Concurrent treatment with selective serotonin reuptake inhibitors (SSRIs) and non-steroidal anti-inflammatory drugs (NSAIDs) “substantially” increases the risk of gastrointestinal bleeding compared with either drug used alone, according to research from the University of East Anglia (UEA) and published online in Alimentary Pharmacology & Therapeutics. The paper calls for revisions of package inserts to highlight the additive effect between these two widely used drug classes.
Yoon Loke, a clinical pharmacologist at UEA’s School of Medicine, Health Policy and Practice, working with colleagues at Wake Forest University in the USA, performed a meta-analysis of four studies involving 153,000 patients. The analysis confirmed previous findings that SSRIs and NSAIDs increase the likelihood of developing upper gastrointestinal haemorrhage, more than doubling and trebling the risk respectively (odds ratios 2.36 and 3.16 respectively).
However, the risk of upper gastrointestinal haemorrhage increased more than six fold (odds ratio 6.33) when patients took both SSRIs and NSAIDs. On average, the haemorrhage occurred after a median of 25 weeks' treatment with SSRIs, according to an analysis of 101 spontaneous reports. Approximately 67% of these patients were taking concurrent NSAIDs.

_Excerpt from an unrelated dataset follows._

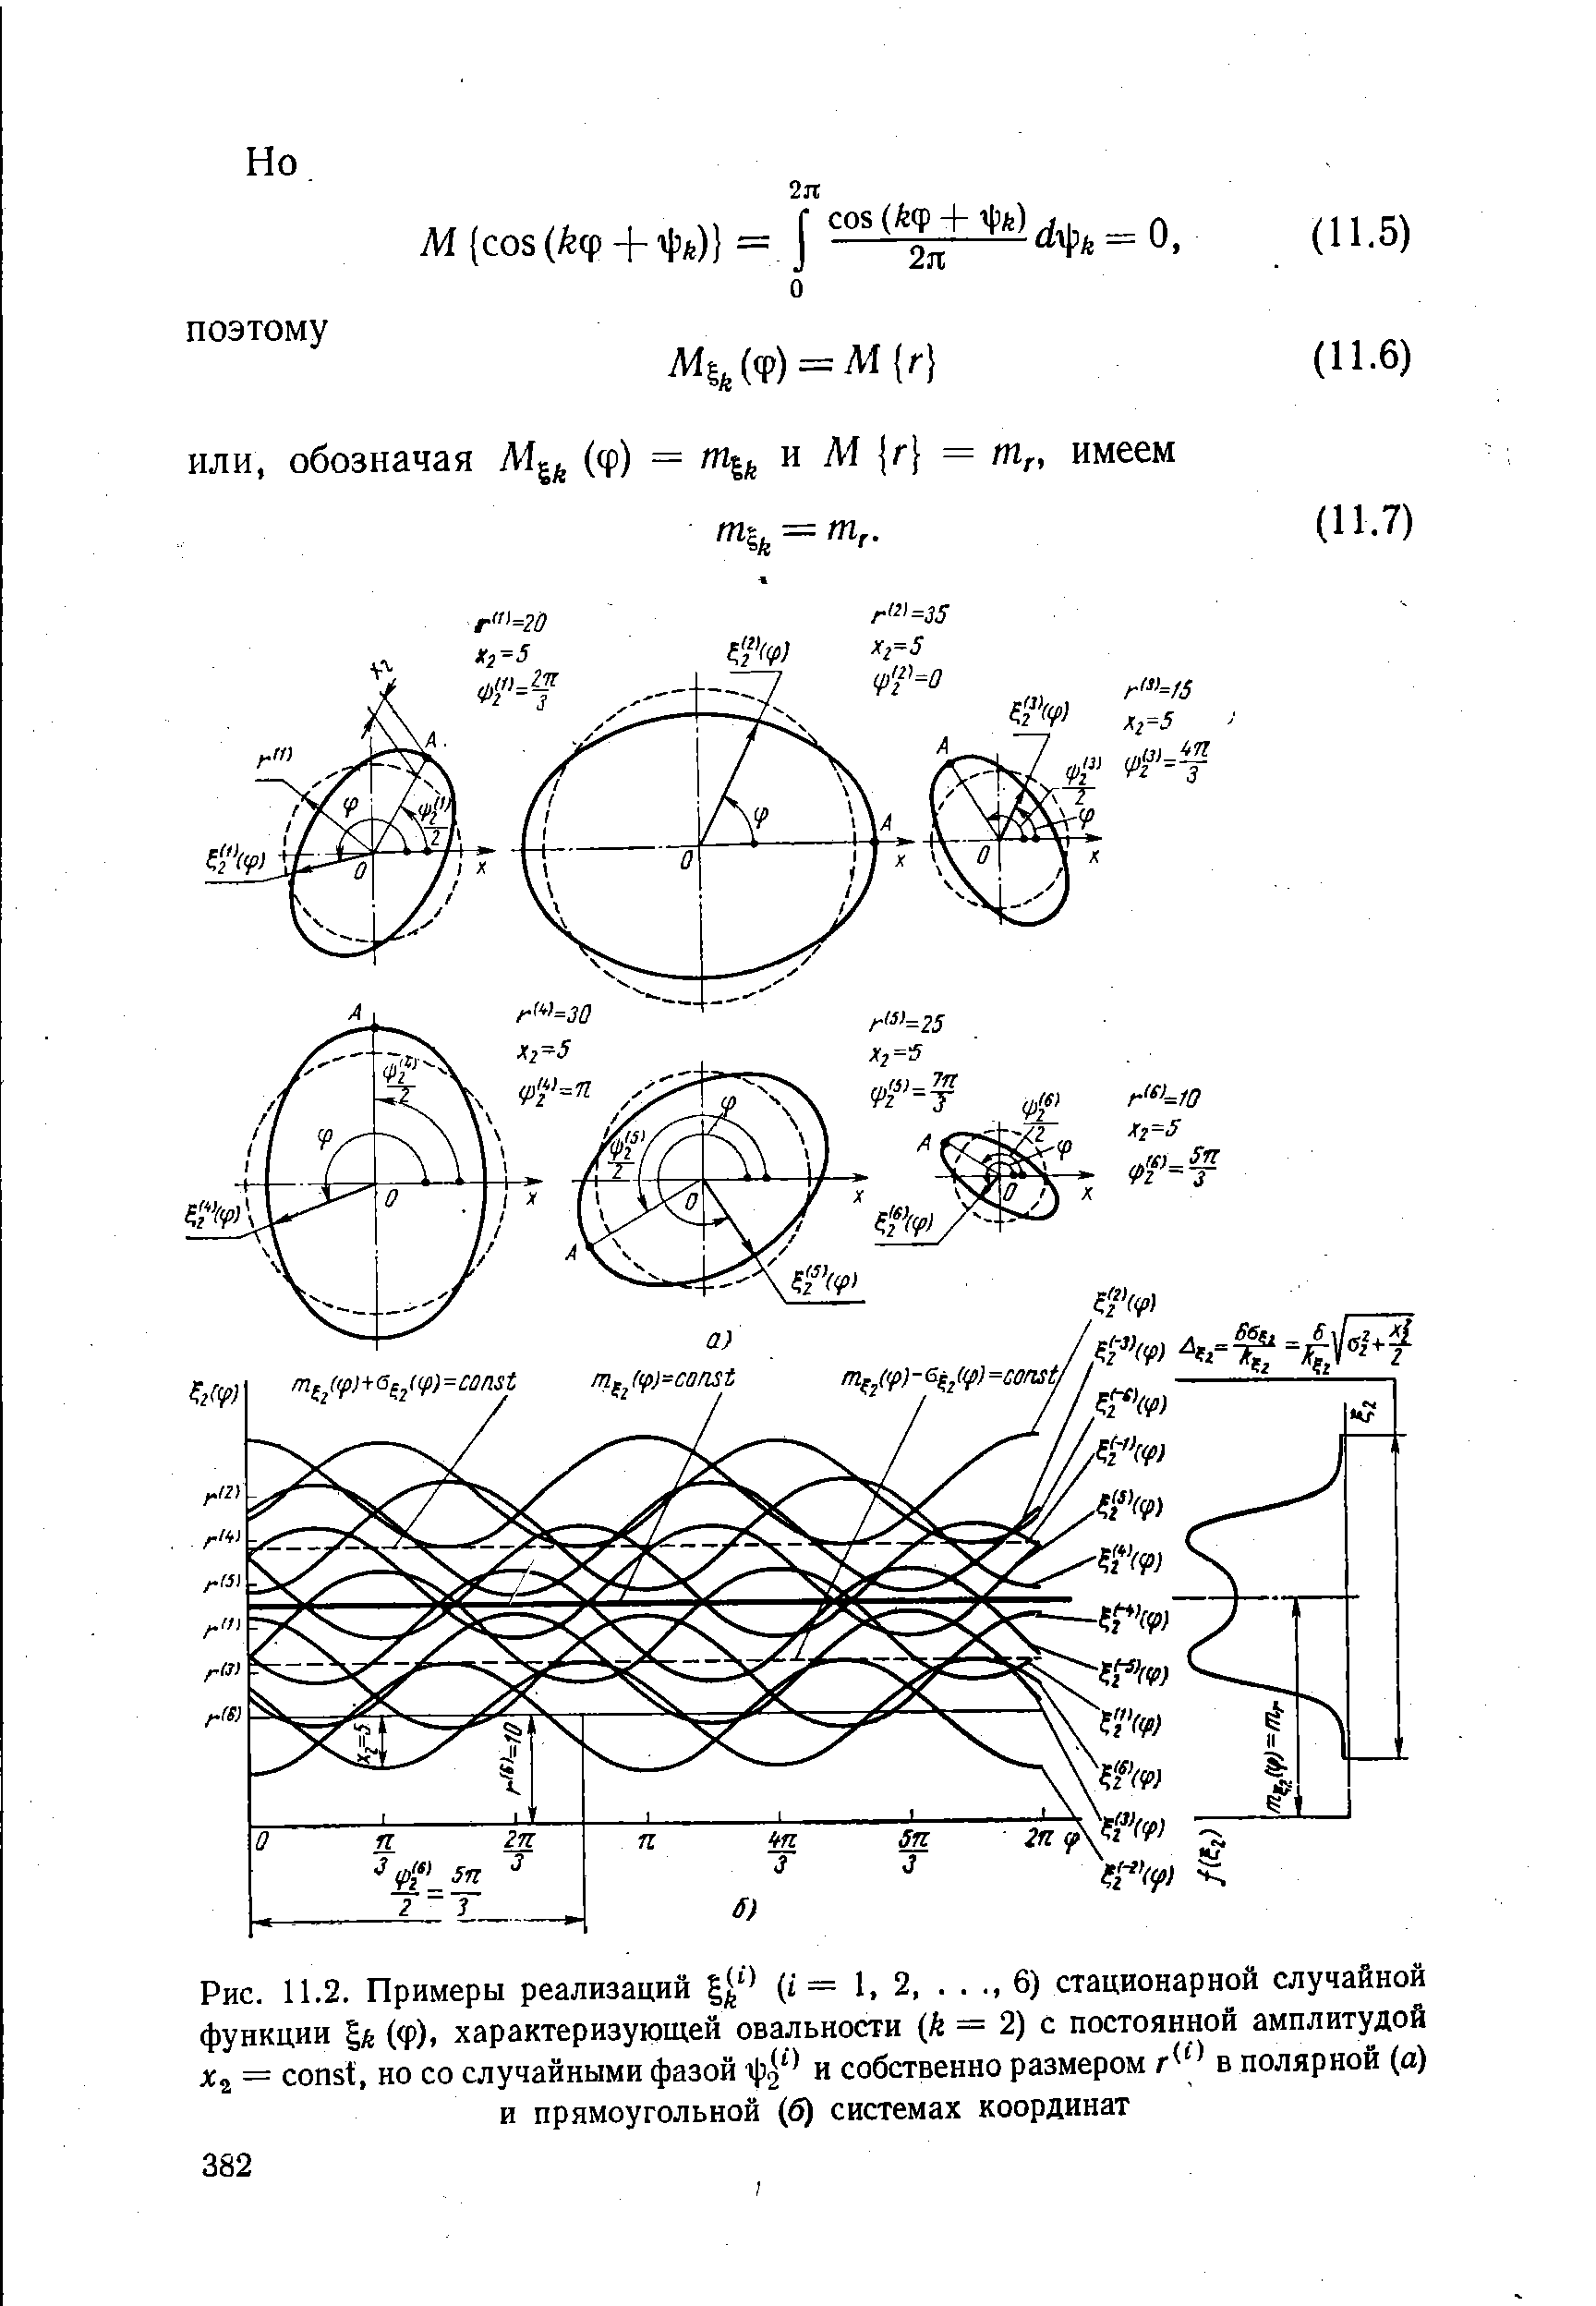 Рис. 11.2. Примеры реализаций (i = 1, 2,. . , , 6) стационарной случайной функции %k (ф). характеризующей овальности (й = 2) с постоянной амплитудой 2 = onst, но со случайными фазой и собственно размером r в полярной (а) и прямоугольной (б) системах координат

The authors estimated the number needed to harm (NNH) in patients aged more than 50 years without risk factors for upper gastrointestinal haemorrhage. Treating 411 people with SSRIs for a year would result in one additional hospital admission for upper gastrointestinal haemorrhage. The NNH declined to 106 among patients taking with concomitant NSAIDs.
Older people seem to be at particular risk. The likelihood of developing upper gastrointestinal haemorrhage increases with age. Furthermore, concurrent use of NSAIDs is common among older patients, reflecting the age-related increased prevalence of conditions such as osteoarthritis.
“While the SSRIs on their own carry only a small risk of harm, this risk becomes much more serious when they are taken in combination with painkillers,” says Dr Loke. “If you have a history of stomach ulcers or indigestion then SSRIs may not be the best choice for treating your depression. There are other antidepressants which seem to be less harmful.” Dr Loke also advised patients on SSRIs to use paracetamol rather than NSAIDs.
The paper calls for clinicians to target SSRIs at patients at “relatively low risk” of upper gastrointestinal haemorrhage. They also want regulatory authorities to revise SSRIs’ package inserts “to highlight the magnitude and strength of these risks, especially the additive interaction with NSAIDs”. Further research needs, the authors comment, to evaluate differences in the risk of upper gastrointestinal haemorrhage between the various SSRIs and specific NSAIDs, and ascertain the most appropriate prophylactic strategies in high-risk patients.